- _Task prompt_
Lines from the one containing "Licht bringt Farbe" through the last one in the data below: write them out word for word, and only them.

[Dataset records]

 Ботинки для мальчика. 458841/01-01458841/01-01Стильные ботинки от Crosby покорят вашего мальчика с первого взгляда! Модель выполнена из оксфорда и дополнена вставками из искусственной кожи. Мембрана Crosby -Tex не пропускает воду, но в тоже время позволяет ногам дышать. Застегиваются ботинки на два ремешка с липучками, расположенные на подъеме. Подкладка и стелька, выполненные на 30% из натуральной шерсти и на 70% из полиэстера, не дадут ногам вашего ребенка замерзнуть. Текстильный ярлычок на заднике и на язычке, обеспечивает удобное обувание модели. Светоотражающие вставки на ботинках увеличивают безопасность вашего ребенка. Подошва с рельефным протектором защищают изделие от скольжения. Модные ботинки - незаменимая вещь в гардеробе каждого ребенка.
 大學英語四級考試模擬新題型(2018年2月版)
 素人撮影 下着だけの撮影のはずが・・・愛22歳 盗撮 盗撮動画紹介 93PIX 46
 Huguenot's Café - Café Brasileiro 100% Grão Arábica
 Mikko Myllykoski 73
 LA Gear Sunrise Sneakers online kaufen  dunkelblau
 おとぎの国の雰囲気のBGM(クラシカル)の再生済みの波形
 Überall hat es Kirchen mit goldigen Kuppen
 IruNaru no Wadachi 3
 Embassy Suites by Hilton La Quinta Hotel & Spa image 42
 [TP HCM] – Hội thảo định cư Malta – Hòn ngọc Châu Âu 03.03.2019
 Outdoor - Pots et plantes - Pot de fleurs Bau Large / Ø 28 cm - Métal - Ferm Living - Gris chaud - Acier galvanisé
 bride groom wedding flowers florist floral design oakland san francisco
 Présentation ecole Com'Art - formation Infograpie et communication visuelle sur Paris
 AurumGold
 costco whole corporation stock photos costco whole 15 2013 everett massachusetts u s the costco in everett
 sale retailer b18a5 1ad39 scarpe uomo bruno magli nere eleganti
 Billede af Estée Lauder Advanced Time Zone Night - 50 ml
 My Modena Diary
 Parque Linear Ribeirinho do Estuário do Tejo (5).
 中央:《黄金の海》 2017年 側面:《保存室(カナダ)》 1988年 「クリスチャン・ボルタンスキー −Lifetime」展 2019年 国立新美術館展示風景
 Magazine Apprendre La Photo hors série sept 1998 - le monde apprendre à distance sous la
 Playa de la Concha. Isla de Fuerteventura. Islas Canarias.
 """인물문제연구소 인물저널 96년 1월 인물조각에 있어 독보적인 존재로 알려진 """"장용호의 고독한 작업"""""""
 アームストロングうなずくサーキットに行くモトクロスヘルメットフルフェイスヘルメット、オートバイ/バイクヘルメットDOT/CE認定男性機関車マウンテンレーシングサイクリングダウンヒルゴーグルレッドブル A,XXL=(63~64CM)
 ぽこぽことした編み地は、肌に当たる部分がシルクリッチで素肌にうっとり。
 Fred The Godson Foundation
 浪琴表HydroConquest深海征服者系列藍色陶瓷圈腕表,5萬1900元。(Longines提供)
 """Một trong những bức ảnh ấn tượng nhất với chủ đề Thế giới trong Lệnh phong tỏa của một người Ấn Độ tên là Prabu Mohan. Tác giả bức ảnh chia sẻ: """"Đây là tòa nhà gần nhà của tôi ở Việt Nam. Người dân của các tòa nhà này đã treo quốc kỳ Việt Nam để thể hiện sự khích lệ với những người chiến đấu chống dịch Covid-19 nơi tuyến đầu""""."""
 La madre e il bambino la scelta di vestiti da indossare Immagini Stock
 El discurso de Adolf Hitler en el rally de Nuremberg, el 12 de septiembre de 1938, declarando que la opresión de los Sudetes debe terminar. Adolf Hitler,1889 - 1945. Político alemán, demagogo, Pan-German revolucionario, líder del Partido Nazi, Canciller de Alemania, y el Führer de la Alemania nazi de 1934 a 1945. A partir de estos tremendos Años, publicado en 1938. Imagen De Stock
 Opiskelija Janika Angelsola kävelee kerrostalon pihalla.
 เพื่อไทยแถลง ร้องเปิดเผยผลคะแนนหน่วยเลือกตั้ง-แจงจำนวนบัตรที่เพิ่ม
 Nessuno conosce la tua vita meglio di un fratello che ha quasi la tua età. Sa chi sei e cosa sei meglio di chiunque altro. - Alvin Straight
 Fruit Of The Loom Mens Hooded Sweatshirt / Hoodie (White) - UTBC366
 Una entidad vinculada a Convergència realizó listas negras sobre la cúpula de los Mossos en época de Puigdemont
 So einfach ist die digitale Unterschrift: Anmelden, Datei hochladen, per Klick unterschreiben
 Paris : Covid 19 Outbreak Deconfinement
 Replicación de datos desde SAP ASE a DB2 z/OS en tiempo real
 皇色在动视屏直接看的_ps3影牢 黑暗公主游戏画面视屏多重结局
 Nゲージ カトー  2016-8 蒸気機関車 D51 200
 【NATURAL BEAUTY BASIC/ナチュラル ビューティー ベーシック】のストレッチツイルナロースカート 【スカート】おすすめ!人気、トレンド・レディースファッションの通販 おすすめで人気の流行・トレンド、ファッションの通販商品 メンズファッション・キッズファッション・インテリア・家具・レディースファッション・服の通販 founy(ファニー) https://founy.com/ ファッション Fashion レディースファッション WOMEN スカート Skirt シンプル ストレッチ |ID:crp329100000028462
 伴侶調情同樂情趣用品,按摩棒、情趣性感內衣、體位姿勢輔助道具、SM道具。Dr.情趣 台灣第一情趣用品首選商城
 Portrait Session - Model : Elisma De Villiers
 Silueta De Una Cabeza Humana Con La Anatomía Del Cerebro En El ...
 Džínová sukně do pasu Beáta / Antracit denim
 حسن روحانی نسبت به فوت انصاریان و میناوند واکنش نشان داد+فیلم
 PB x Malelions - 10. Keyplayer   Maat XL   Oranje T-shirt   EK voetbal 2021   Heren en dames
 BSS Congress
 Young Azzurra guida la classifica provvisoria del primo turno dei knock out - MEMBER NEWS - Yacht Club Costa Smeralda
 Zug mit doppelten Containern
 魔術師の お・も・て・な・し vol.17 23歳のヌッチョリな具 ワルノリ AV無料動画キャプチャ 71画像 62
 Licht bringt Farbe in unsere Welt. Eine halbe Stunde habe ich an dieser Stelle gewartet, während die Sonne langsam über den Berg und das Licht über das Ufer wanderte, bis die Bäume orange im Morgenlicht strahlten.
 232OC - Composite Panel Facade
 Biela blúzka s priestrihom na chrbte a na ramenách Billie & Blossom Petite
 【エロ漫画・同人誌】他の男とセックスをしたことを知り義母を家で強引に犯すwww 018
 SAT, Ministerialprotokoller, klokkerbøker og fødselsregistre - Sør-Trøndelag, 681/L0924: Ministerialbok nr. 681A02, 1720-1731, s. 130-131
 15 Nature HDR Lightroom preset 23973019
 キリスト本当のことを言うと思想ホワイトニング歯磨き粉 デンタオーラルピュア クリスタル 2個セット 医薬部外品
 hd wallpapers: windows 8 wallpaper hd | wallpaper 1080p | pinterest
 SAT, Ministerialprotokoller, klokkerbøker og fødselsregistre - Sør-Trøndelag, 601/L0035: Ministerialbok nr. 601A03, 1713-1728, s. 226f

- _Output of the exercise_
 Licht bringt Farbe in unsere Welt. Eine halbe Stunde habe ich an dieser Stelle gewartet, während die Sonne langsam über den Berg und das Licht über das Ufer wanderte, bis die Bäume orange im Morgenlicht strahlten.
 232OC - Composite Panel Facade
 Biela blúzka s priestrihom na chrbte a na ramenách Billie & Blossom Petite
 【エロ漫画・同人誌】他の男とセックスをしたことを知り義母を家で強引に犯すwww 018
 SAT, Ministerialprotokoller, klokkerbøker og fødselsregistre - Sør-Trøndelag, 681/L0924: Ministerialbok nr. 681A02, 1720-1731, s. 130-131
 15 Nature HDR Lightroom preset 23973019
 キリスト本当のことを言うと思想ホワイトニング歯磨き粉 デンタオーラルピュア クリスタル 2個セット 医薬部外品
 hd wallpapers: windows 8 wallpaper hd | wallpaper 1080p | pinterest
 SAT, Ministerialprotokoller, klokkerbøker og fødselsregistre - Sør-Trøndelag, 601/L0035: Ministerialbok nr. 601A03, 1713-1728, s. 226f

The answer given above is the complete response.